** Task prompt **
Make an exact copy of the listing so that no picture is carried over.

** Given material **
*****
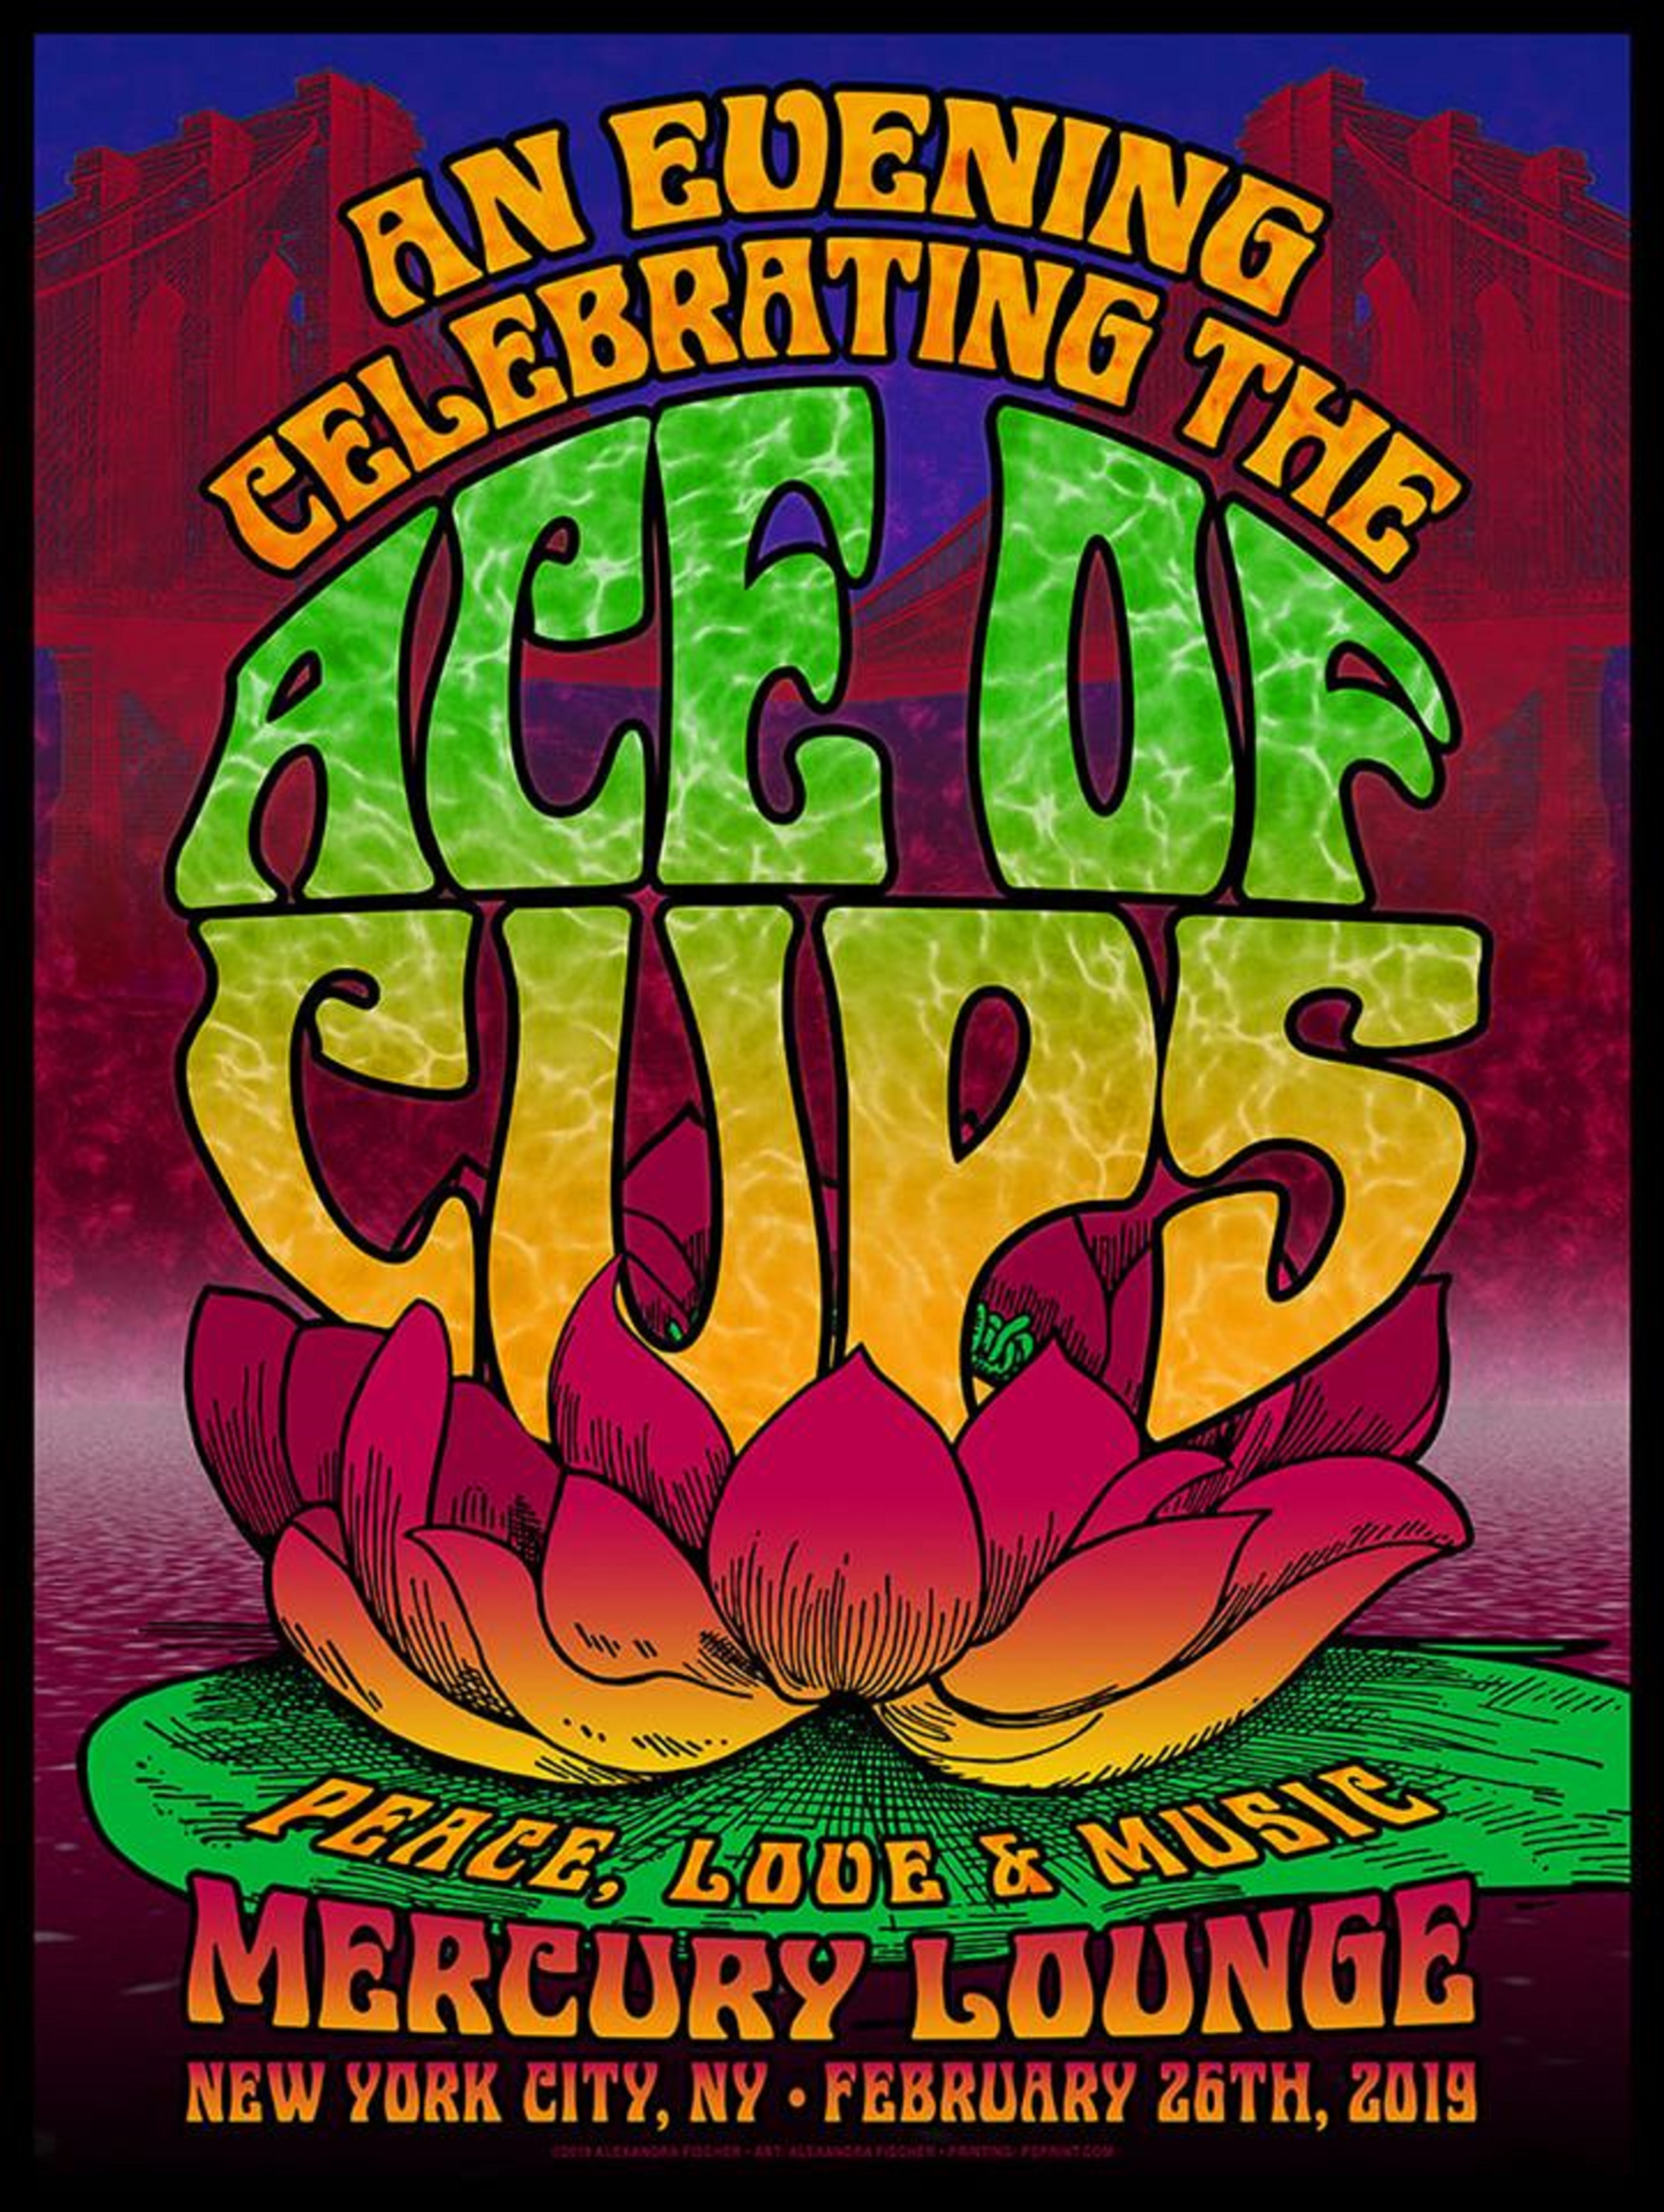 5 of cups and ace of cups
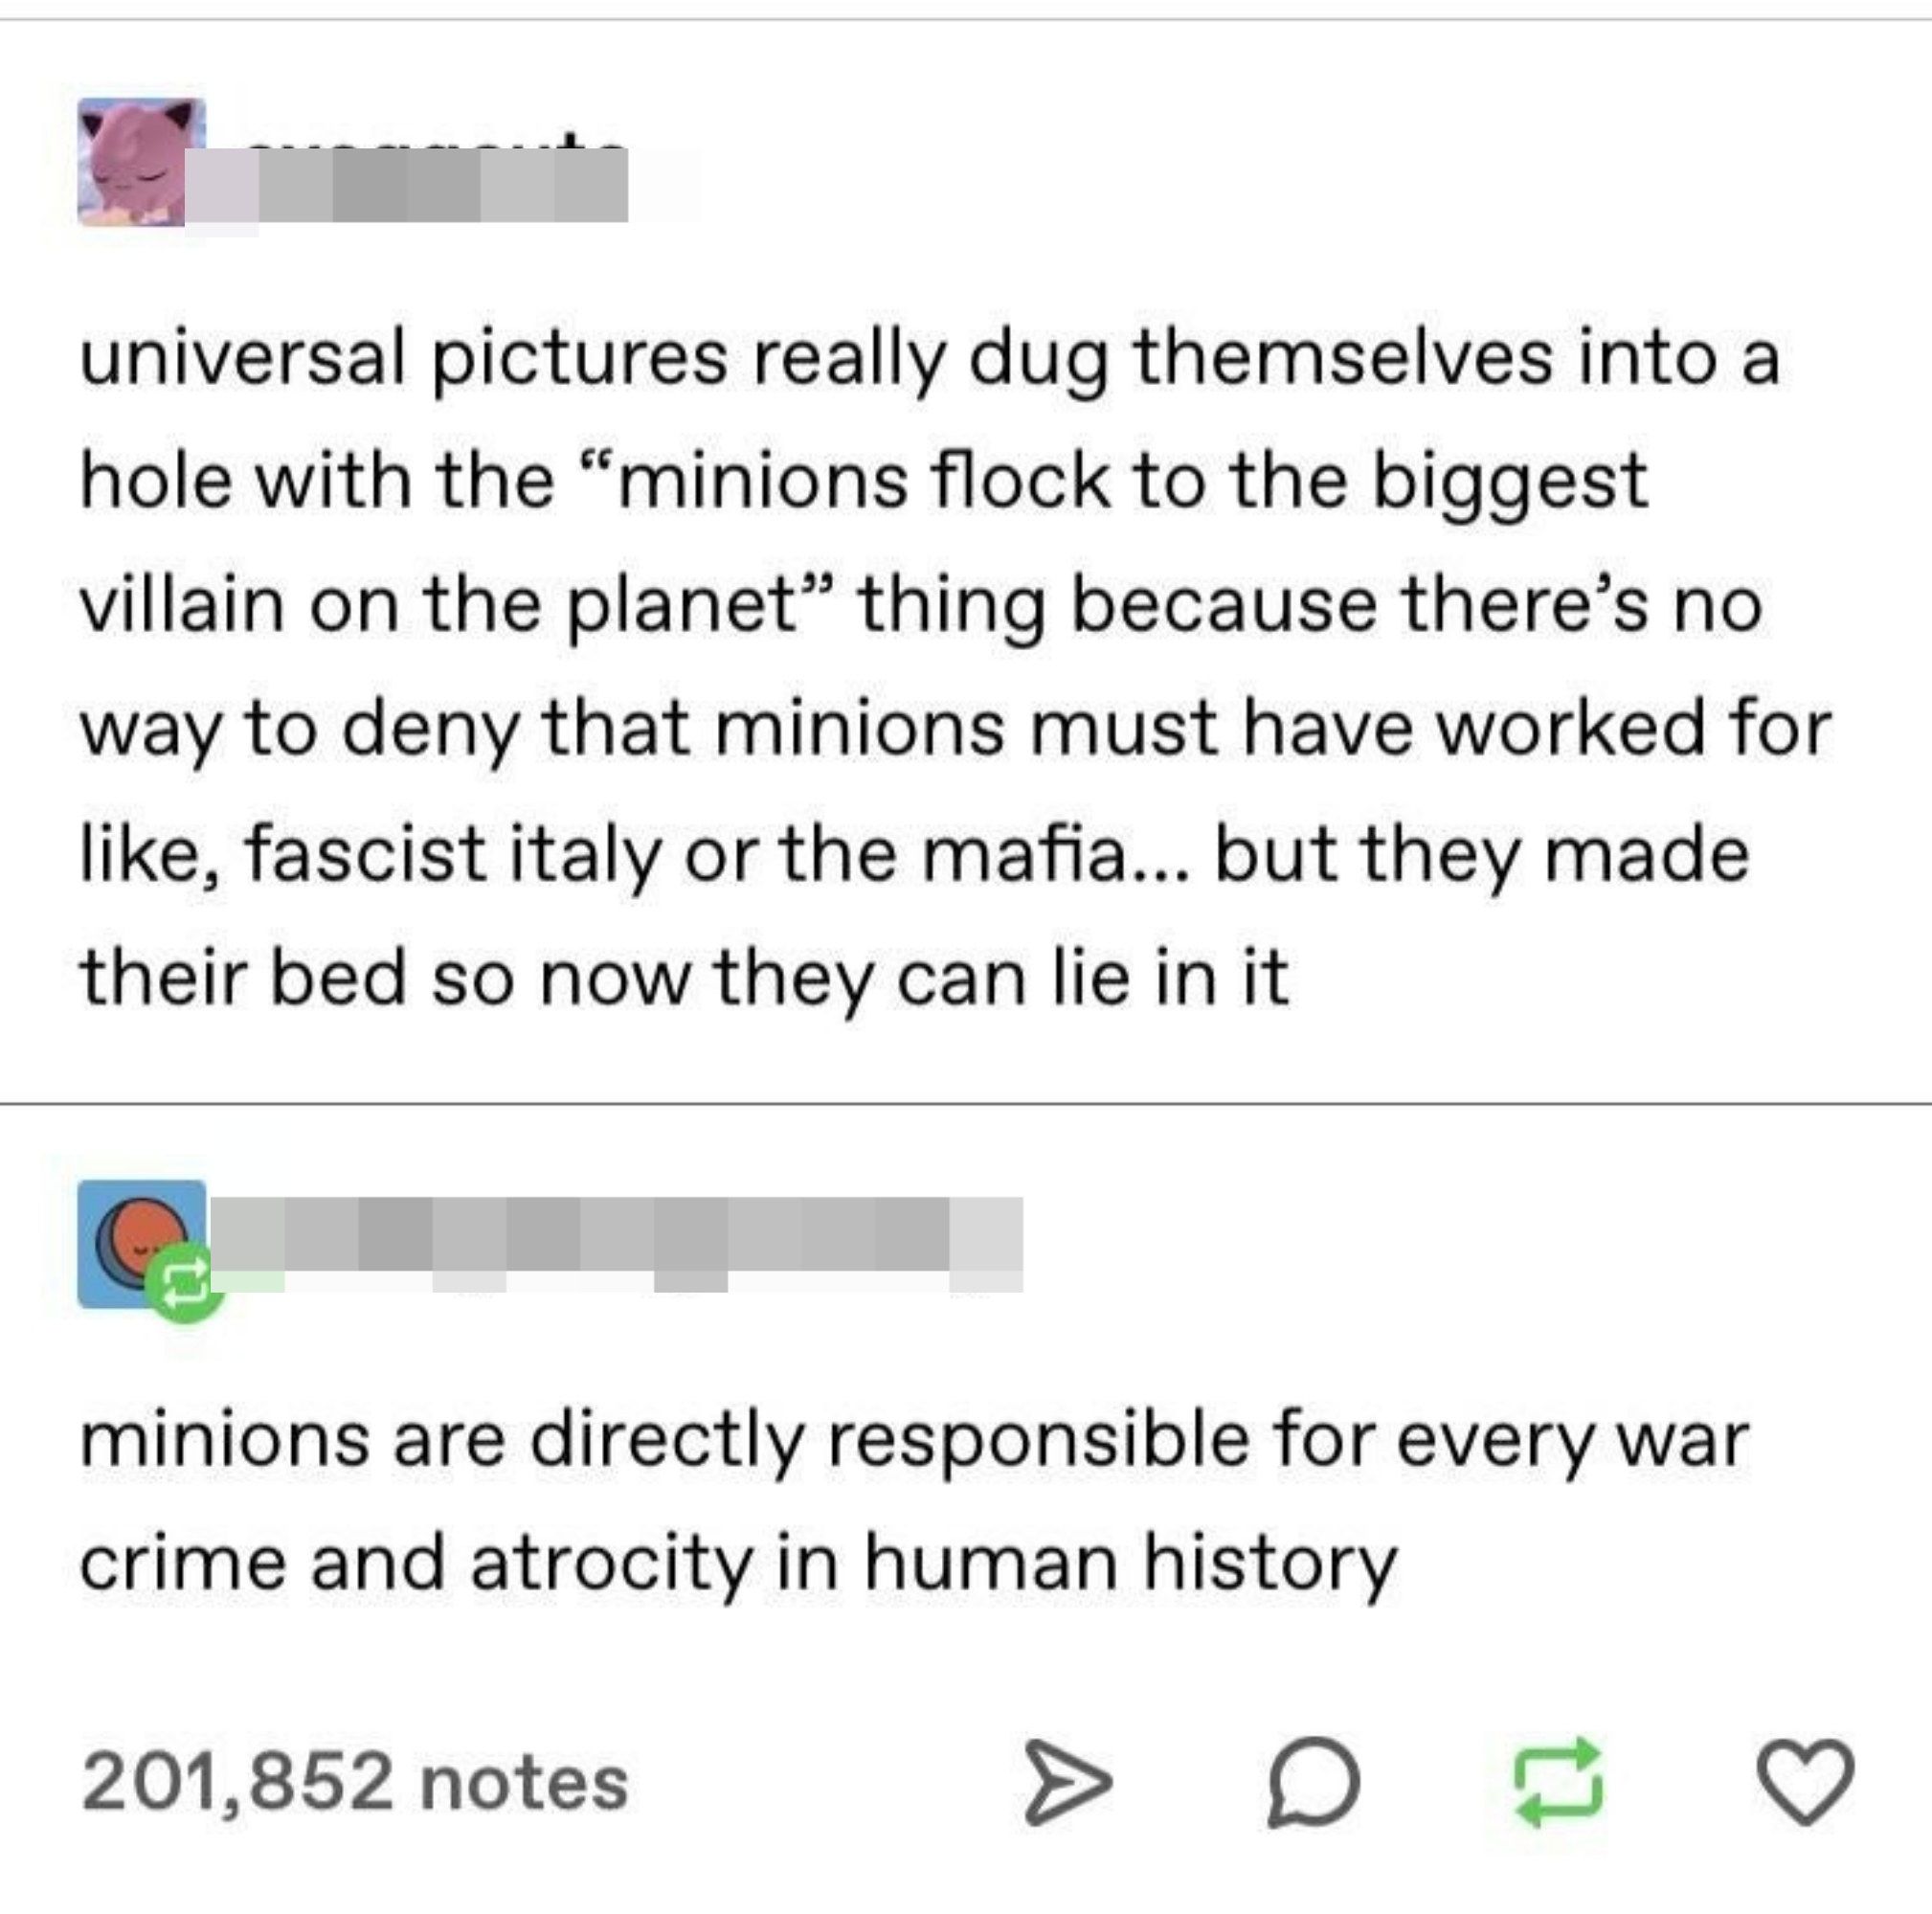 minions are directly responsible for every war crime and atrocity in human history
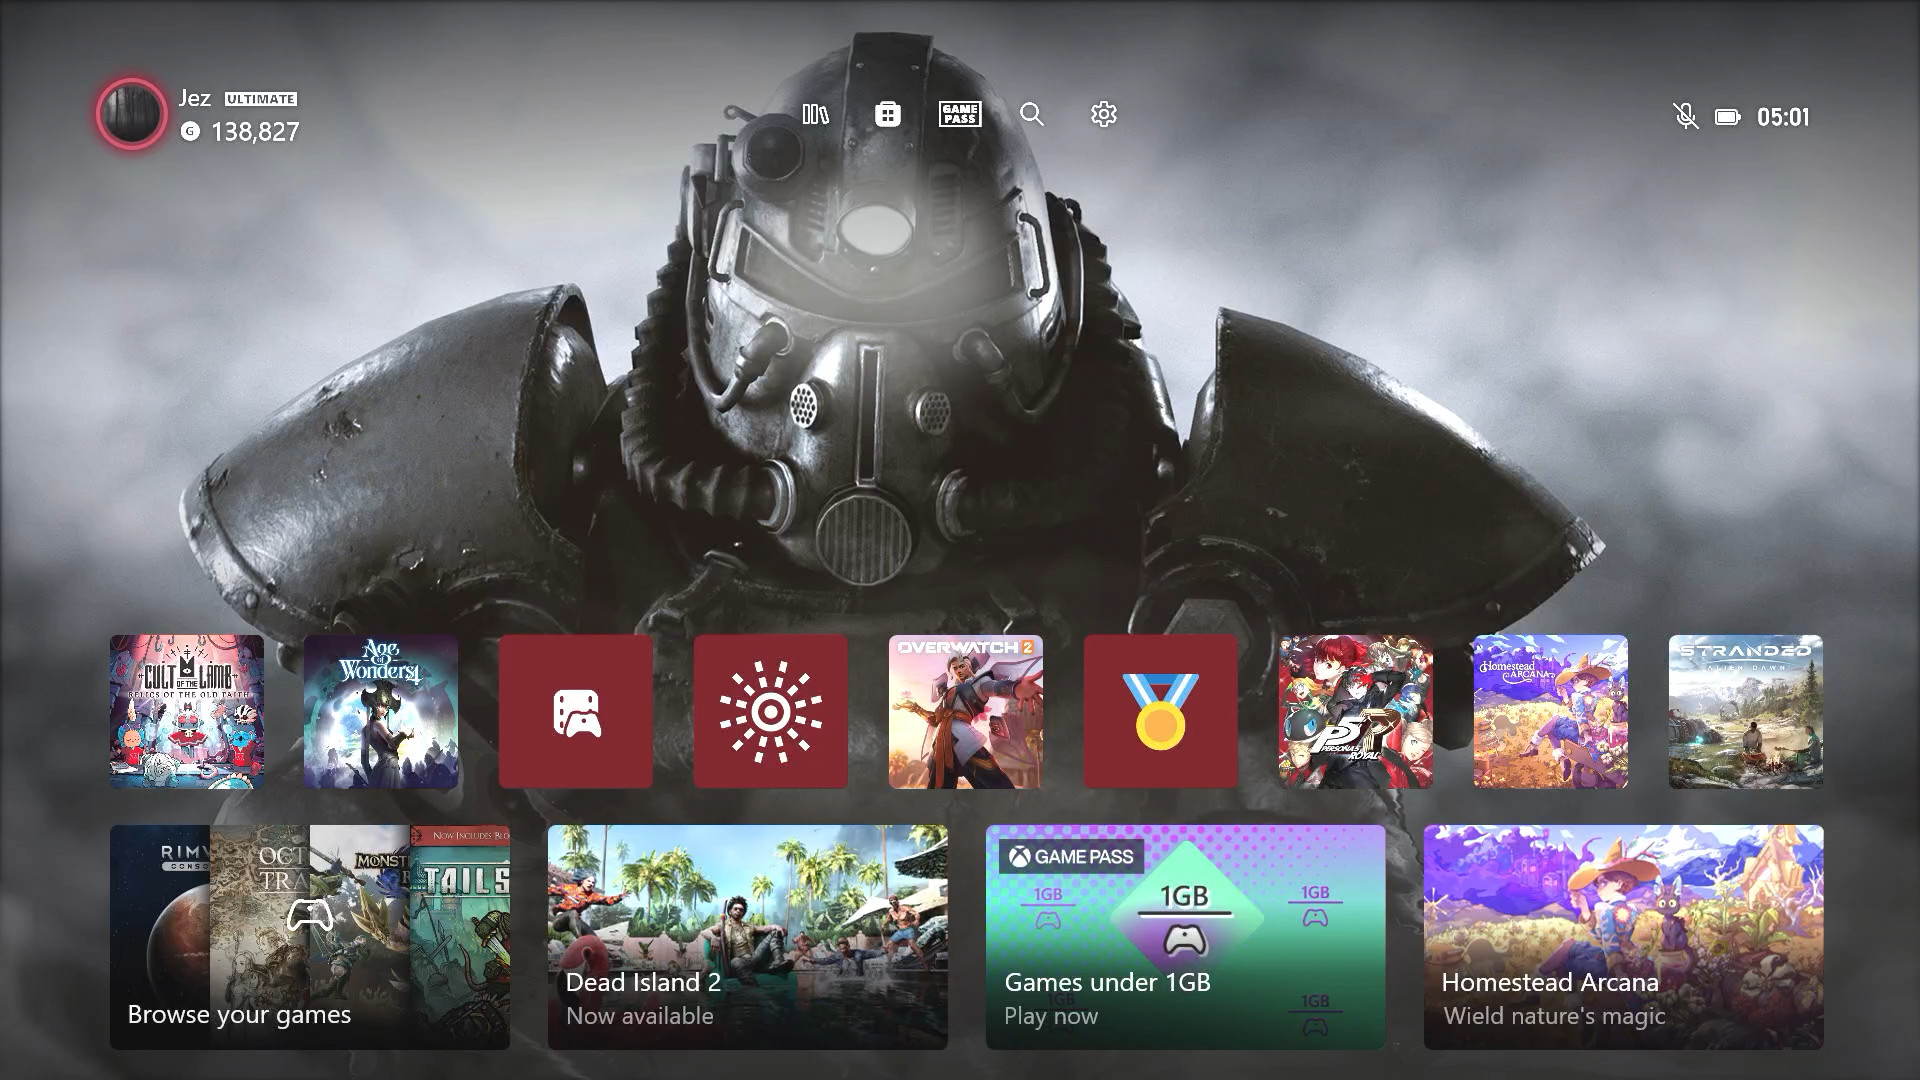 A cool new feature has been added to the Xbox consoles home page
*****
** Written response **
 5 of cups and ace of cups
 minions are directly responsible for every war crime and atrocity in human history
 A cool new feature has been added to the Xbox consoles home page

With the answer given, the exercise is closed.